Give Me All Your Hopeless Heart

Frank's P.O.V.

“Well go sit with your boyfriend, then-!” Mikey said sarcastically, and I rolled my eyes and dug my fingers into the tender skin just below his ribs once more before rolling off of the sofa.

“Fine, I will.” I stuck my tongue out, and moved over to Gerard, dropping down in his lap gently.
It’s not like I could sit next to him -he was in the single chair.
Which I was kind of really happy about.

I looked over to the younger Way again, and smiled broadly.
“Jealous, Mikey?” I giggled, and he then rolled his eyes, and let himself flop back on the sofa as Ray continues to ignore us while he was messing with some new music on his laptop.

I curled up in Gerard lap, and turned my head up to look at him with a smile.
“Hey, Gee..”

I looked into his doe eyes for a moment, before humming contently and settled against his chest.

Poor man looked like a bunny caught in headlights.
Probably didn’t help when I’d tried to kiss him- what the fuck was I thinking? I was surely going to ruin our friendship.

Why could I just leave it.
The only reason Gerard hadn’t pushed me away was because he was probably too startled and shocked to even realise what was going on; and now that he’d had time to think it through, he’d realised how fucking creepy I am, and decided it was better if we kept our distance.

But I wasn’t going to have that -no fucking way.
I was not letting Gerard slip away from me any more than he already had done.

We sat like that for a long time, just talking and joking around, until Gerard nudged my side a little harder than before -when I’d ignored him- and I squirmed around to look at him.
“What?” I pouted at him, looking at him with big eyes. “I don’t wanna move -you’re comfy.”

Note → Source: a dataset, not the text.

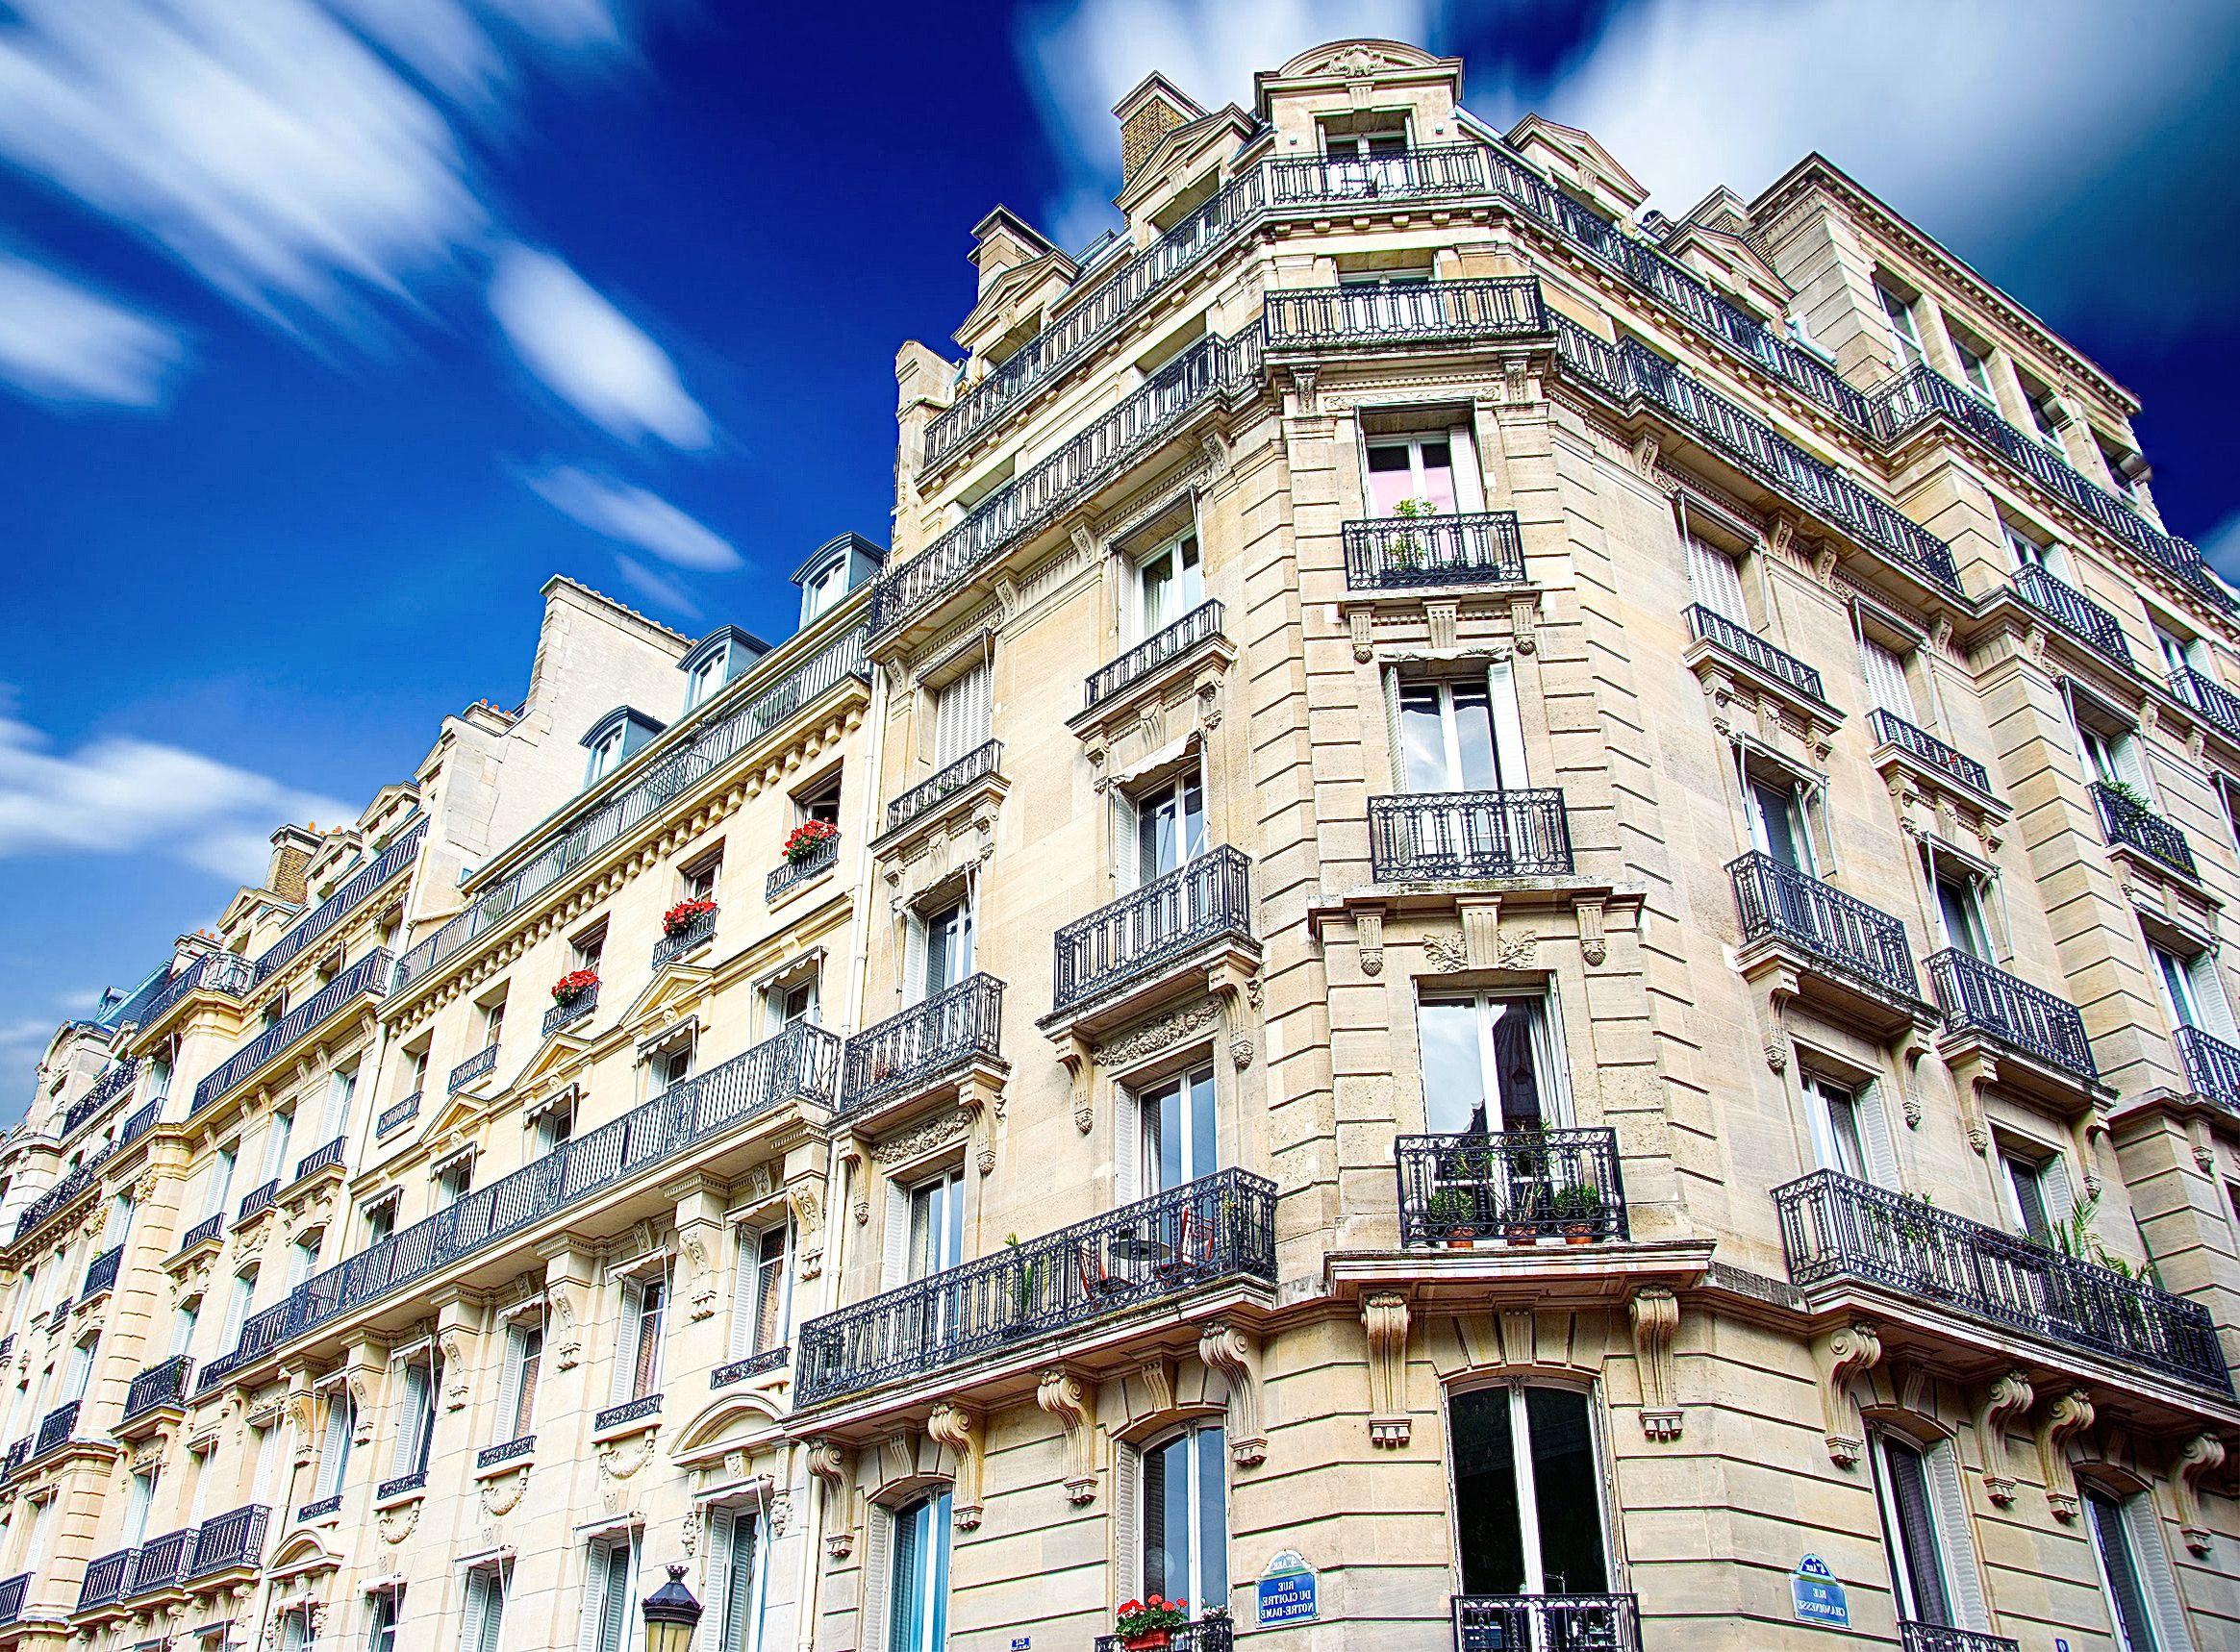 Legs, donations et assurances-vie Institut Pasteur

Gerard just shakes his head, mutters something about the bathroom and then practically shoved me off of his lap.
“Asshole.” I muttered, and huffed, moving over to the sofa again and curled up with Mikey.

It probably looked terrible to everyone else, but I just really liked being close with people.
Gerard being my favourite, but he obviously didn’t want me at the moment, so.
My other best friend will have to cuddle me instead.

I smiled when Mikey wrapped his arm around me, after jabbing me in the ribs as payback. I saw Gerard look back at us out of the corner of my eyes, but tried to pay no attention. It kind of really hurt, because I was beginning to feel pretty damn rejected by Gerard.
He didn’t even hold me like he normally would; and it wasn’t just because the guys were around, because that didn’t normally bother him.

In fact, that used to make him show off more.
Which then used to piss me off.

I heard Gerard sigh softly, and then his footsteps disappear, and I exhale slowly, relaxing against Mikey.

“What’s wrong, Frankie?” He asked, and I just shook my head. I didn’t feel like talking about it.
The whole ‘I think I’m in love with you’re brother -wait, no. Scratch that. I am in love with him’ thing probably wouldn’t have gone down well. It’s whiney and childish.

Tonight was our night off, and a few hours had passed from when Gerard had disappeared.
And now I was left all alone, on the sofa, staring up at the ceiling of the bus.

Ray and Mikey went out to some party thing, and I hadn’t seen Gerard since he pushed me off of his lap.
Maybe I should just go out, because Gerard obviously didn’t want me.
Maybe I should apologize.

That sounded like a better idea; I didn’t really feel like going out.

“Gerard..?” I called softly, and padded through the bus quietly.
“Gee, I’m sorry, okay? I didn’t-” What? I didn’t mean to? That would be a lie. That would be the biggest lie ever. “I didn’t mean to upset you.”
There. I didn’t mean to hurt Gerard.

“Just- don’t do this to me again. ..Please.” I stepped through to the bunk room, and just looked at Gerard for a long moment.

He was sitting on the floor, surrounded my odd pieces of paper; covered with both words and drawings.
“Gerard -please.”

I was very aware that I sounded pathetic. So very aware, that it was beginning to hurt.
I didn’t dare step any further into the small room; ruining one of those pieces of paper would just make everything ten times worse, and that would just be terrible.

The silence hung between us for a long time, and I managed to feel worse the whole way through.

“At least fucking reject me properly.” I mutter, and shook my head a little.
I watched Gerard for a few more moments, and then turned away and headed into the kitchen area, pulling out a bottle of beer and moved to drop down onto the sofa again.

Fine. Gerard couldn’t tell me he didn’t want me, so he’d just fucking ignore me.
That was fine.
Whatever.

I drank half the bottle before curling up on my side, face pressed into the back of the sofa, and let myself feel shitty until I fell asleep.
♠ ♠ ♠
Gah, I'm sorry it's so short! I kind of lost where I was going with it halfway through, and just.. I'll make the next one better, promise!